SOURCE MATERIAL below:

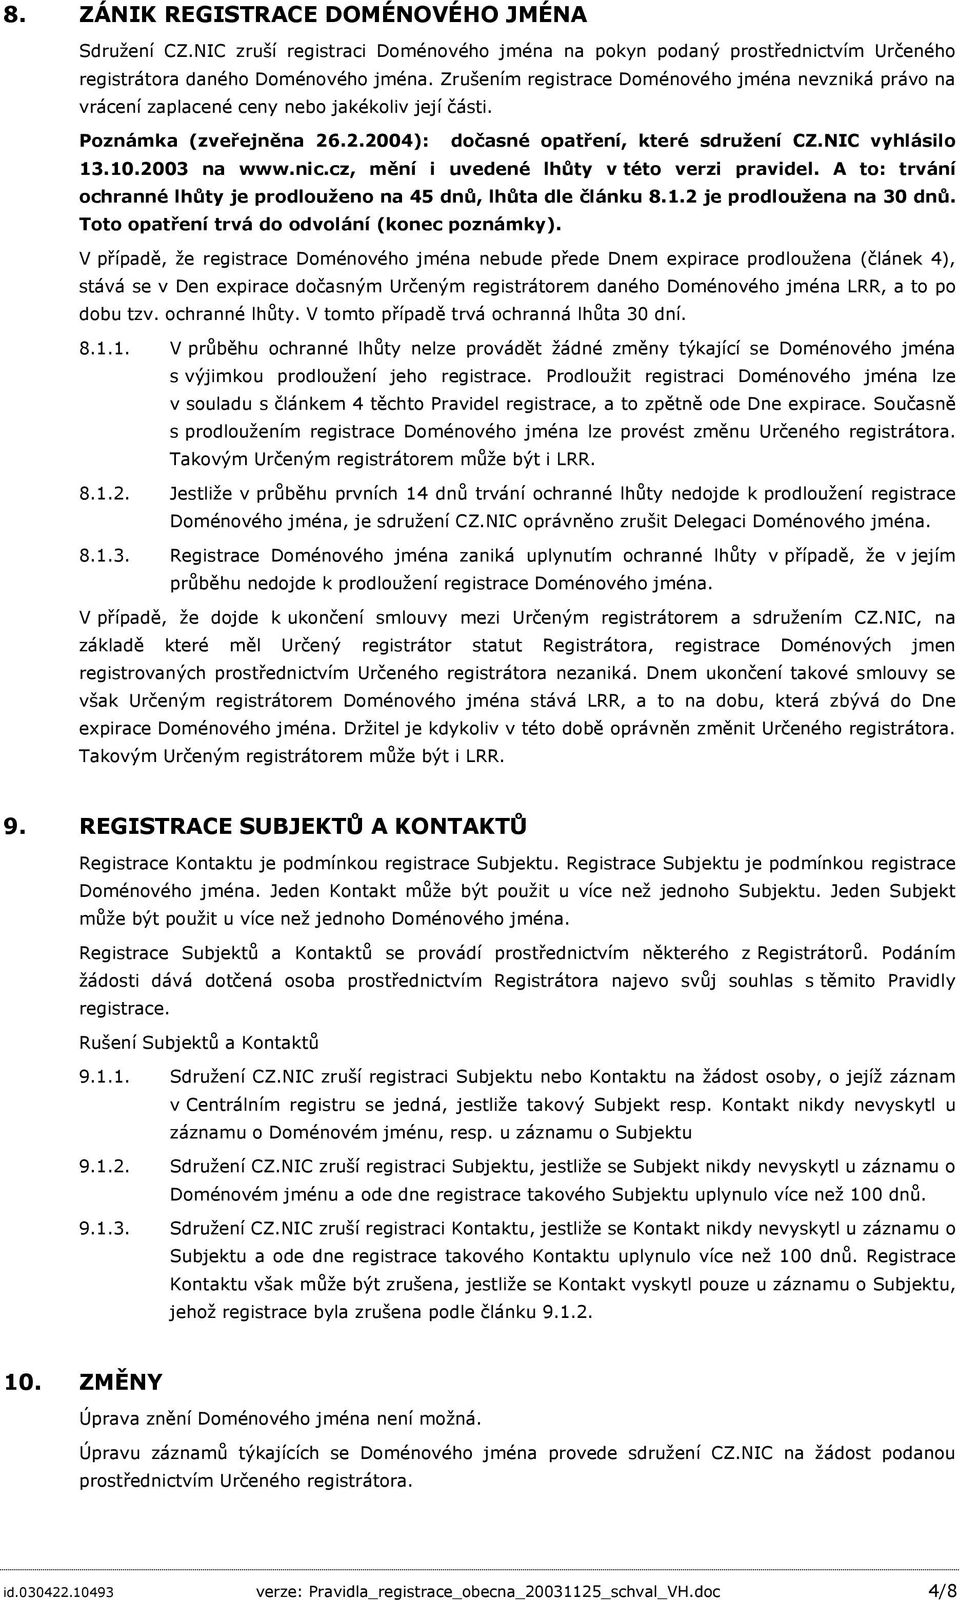 2003 na www.nic.cz, mění i uvedené lhůty v této verzi pravidel. A to: trvání ochranné lhůty je prodlouženo na 45 dnů, lhůta dle článku 8.1.2 je prodloužena na 30 dnů.
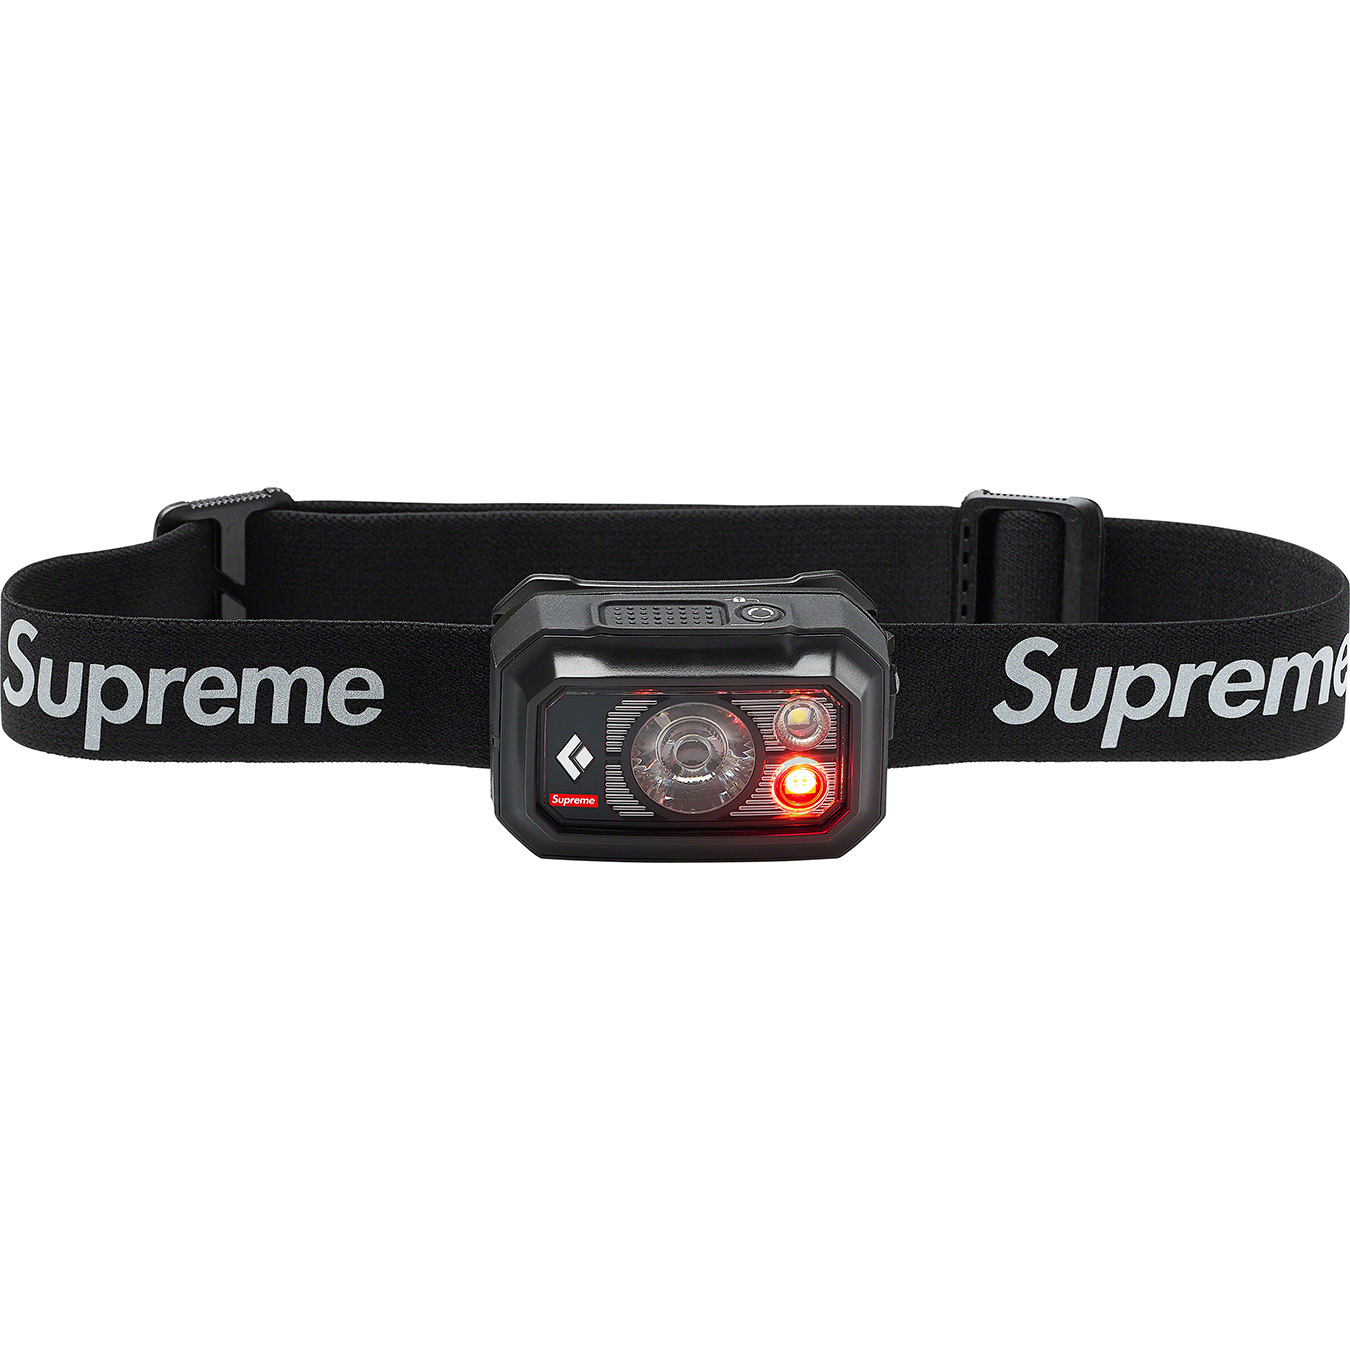 Supreme®/Black Diamond Storm 400 Headlamp
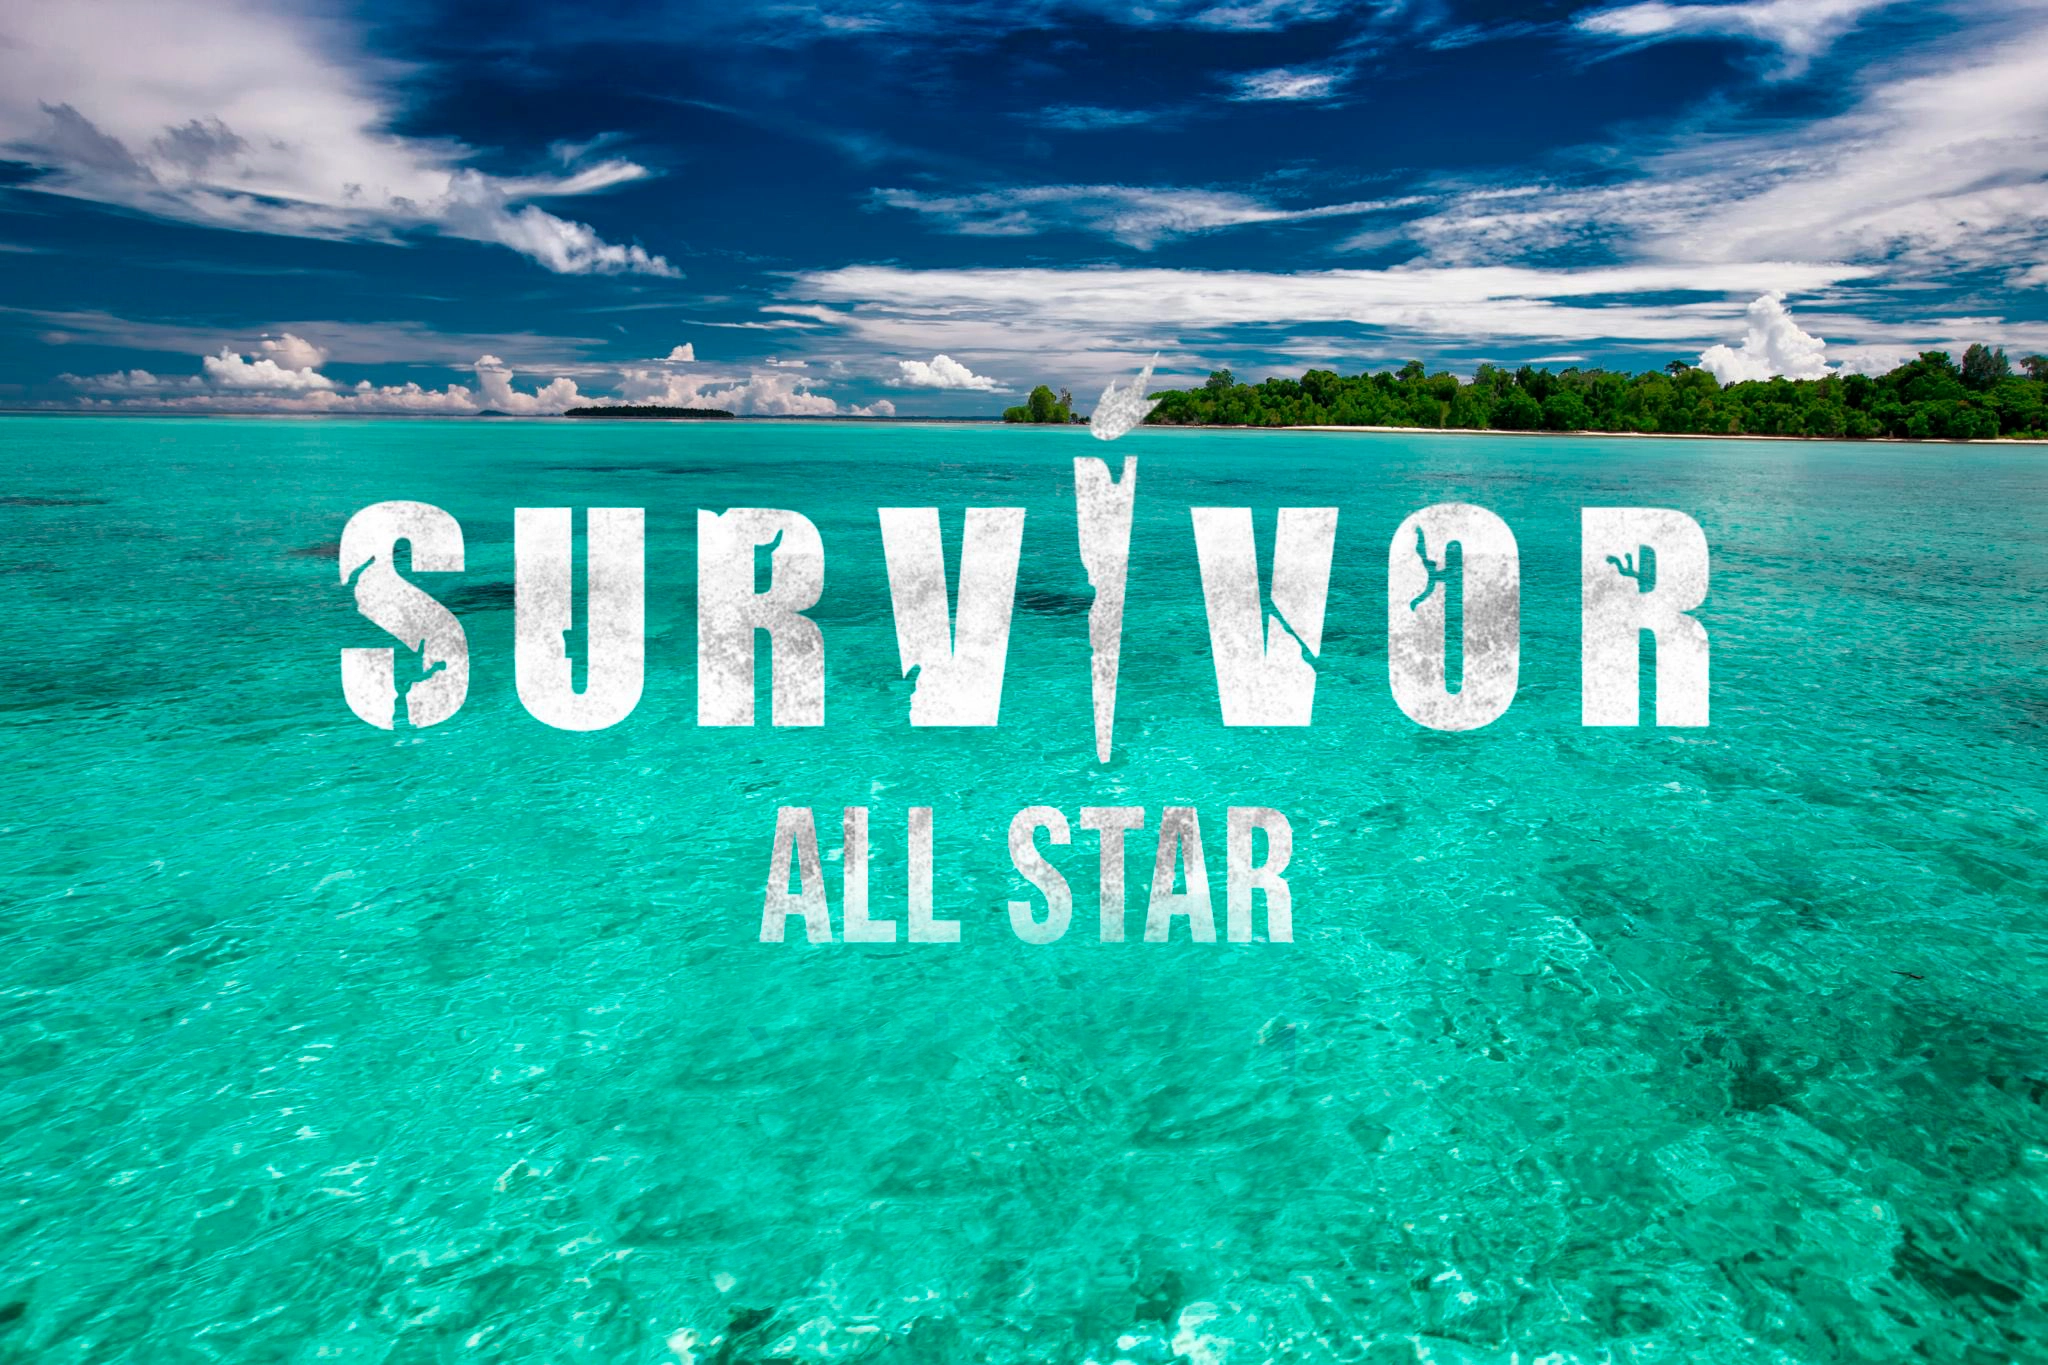 Survivor dokunulmazlık oyununu kim kazandı? 30 Ocak Survivor All Star'da dokunulmazlık oyununu kazanan hangi takım oldu?
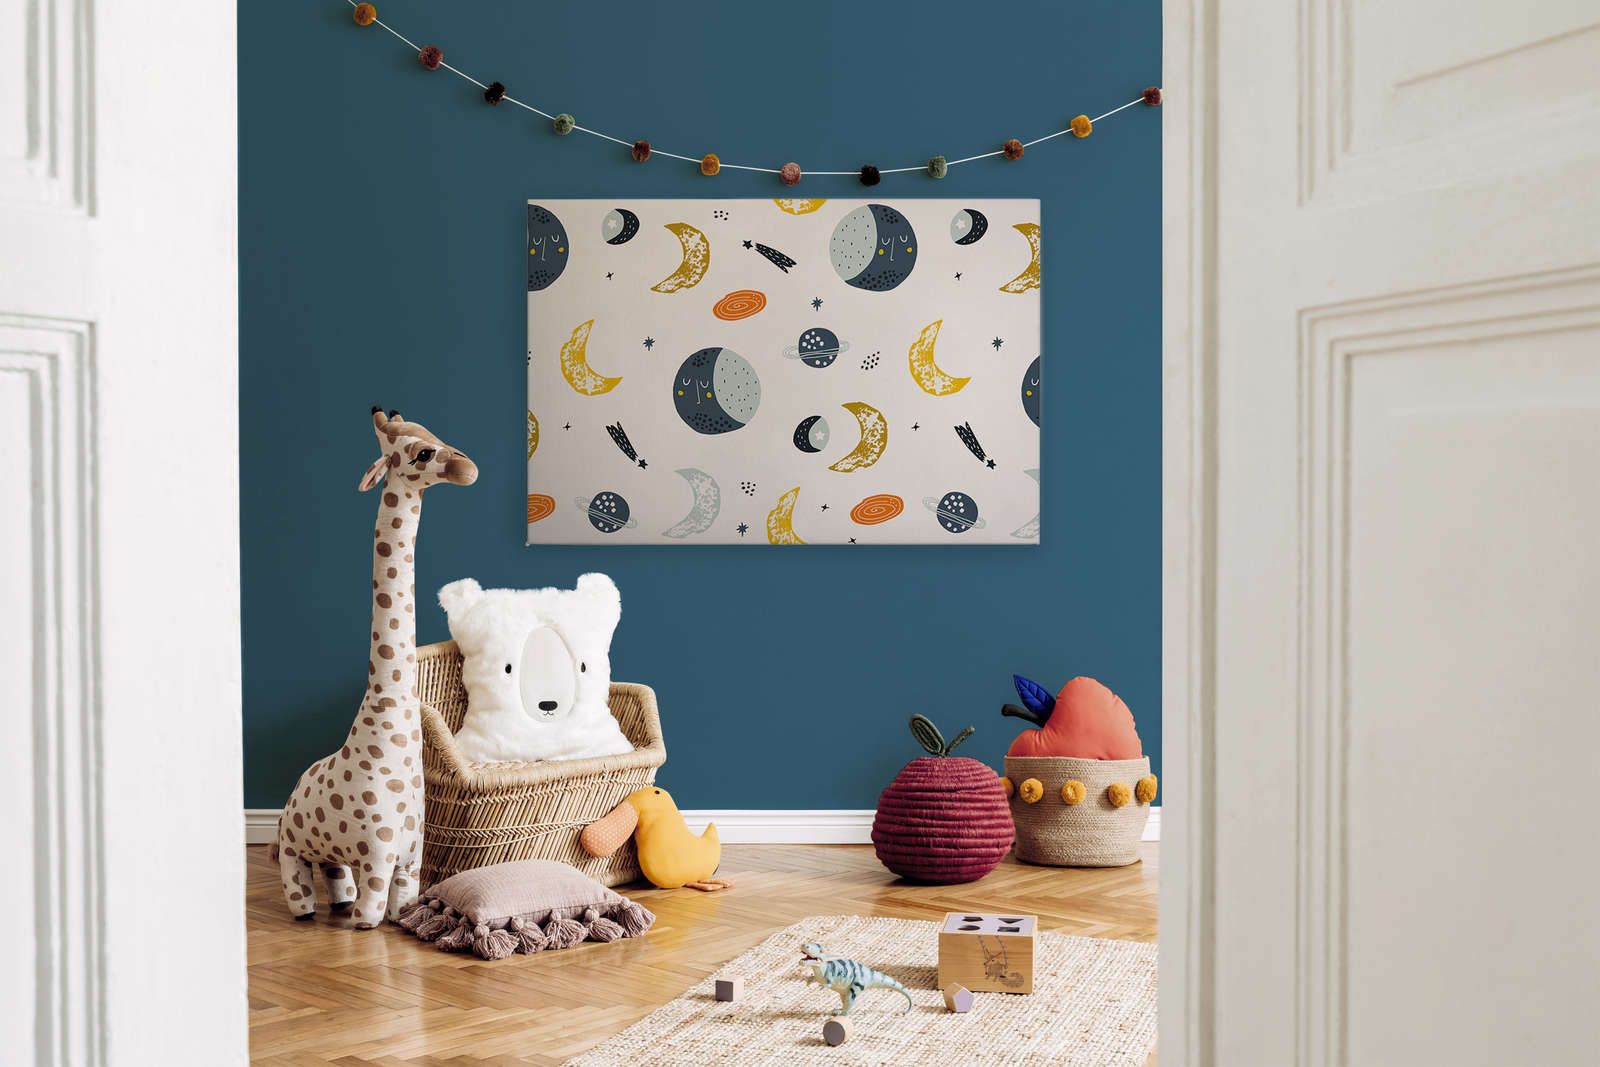             Leinwand mit Monden und Sternschnuppen – 120 cm x 80 cm

End of SOURCE MATERIAL.

Reproduce every line above word for word; no images.

 2003 na www.nic.cz, mění i uvedené lhůty v této verzi pravidel. A to: trvání ochranné lhůty je prodlouženo na 45 dnů, lhůta dle článku 8.1.2 je prodloužena na 30 dnů.
 Supreme®/Black Diamond Storm 400 Headlamp
 Survivor dokunulmazlık oyununu kim kazandı? 30 Ocak Survivor All Star'da dokunulmazlık oyununu kazanan hangi takım oldu?
             Leinwand mit Monden und Sternschnuppen – 120 cm x 80 cm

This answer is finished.